### About this task
Scan the records below, and wherever a line has the word "Sale", pull it out.

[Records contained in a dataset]
/---

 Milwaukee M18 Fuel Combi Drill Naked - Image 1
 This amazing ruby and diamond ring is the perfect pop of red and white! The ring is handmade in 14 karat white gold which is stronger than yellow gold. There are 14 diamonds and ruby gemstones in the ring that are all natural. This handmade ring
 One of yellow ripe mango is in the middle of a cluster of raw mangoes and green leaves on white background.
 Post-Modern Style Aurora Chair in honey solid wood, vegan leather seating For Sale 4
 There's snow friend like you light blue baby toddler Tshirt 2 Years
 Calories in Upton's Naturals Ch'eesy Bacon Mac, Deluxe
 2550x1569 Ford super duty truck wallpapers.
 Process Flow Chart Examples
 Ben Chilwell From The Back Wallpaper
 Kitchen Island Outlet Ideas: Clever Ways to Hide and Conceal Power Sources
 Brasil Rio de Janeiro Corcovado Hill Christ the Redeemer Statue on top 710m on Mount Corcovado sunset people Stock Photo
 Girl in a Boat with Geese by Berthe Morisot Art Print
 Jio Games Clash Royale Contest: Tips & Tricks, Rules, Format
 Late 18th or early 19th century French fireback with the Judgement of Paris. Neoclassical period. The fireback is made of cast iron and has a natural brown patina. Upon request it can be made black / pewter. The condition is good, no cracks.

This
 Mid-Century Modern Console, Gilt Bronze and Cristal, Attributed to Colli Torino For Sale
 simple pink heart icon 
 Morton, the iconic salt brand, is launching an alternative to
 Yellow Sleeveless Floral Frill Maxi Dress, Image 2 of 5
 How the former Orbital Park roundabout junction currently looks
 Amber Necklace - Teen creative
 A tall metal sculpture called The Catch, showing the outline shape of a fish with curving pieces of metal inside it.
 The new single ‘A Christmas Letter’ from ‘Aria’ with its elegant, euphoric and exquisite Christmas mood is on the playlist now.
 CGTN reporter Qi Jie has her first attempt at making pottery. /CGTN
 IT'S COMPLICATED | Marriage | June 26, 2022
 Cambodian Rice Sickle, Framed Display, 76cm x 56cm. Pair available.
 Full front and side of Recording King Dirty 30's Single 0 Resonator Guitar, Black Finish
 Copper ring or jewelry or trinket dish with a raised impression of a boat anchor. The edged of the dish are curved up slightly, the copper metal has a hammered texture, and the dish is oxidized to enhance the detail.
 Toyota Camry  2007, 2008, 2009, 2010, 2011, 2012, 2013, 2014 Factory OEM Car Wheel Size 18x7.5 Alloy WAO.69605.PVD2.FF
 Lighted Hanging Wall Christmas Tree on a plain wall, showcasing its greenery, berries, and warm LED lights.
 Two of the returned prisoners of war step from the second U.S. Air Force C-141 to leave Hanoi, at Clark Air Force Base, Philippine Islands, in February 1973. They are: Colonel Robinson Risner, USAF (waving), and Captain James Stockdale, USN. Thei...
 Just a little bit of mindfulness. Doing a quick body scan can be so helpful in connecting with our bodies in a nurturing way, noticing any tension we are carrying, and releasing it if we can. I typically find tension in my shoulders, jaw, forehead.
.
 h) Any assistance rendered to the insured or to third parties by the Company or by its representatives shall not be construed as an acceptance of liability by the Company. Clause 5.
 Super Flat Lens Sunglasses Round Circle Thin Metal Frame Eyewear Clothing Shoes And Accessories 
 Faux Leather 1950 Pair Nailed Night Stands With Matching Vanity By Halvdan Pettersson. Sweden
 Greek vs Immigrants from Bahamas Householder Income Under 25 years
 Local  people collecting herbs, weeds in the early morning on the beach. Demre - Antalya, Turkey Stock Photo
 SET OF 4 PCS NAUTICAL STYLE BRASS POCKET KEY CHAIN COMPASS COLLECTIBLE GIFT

\---

### Task result
 Post-Modern Style Aurora Chair in honey solid wood, vegan leather seating For Sale 4
 Mid-Century Modern Console, Gilt Bronze and Cristal, Attributed to Colli Torino For Sale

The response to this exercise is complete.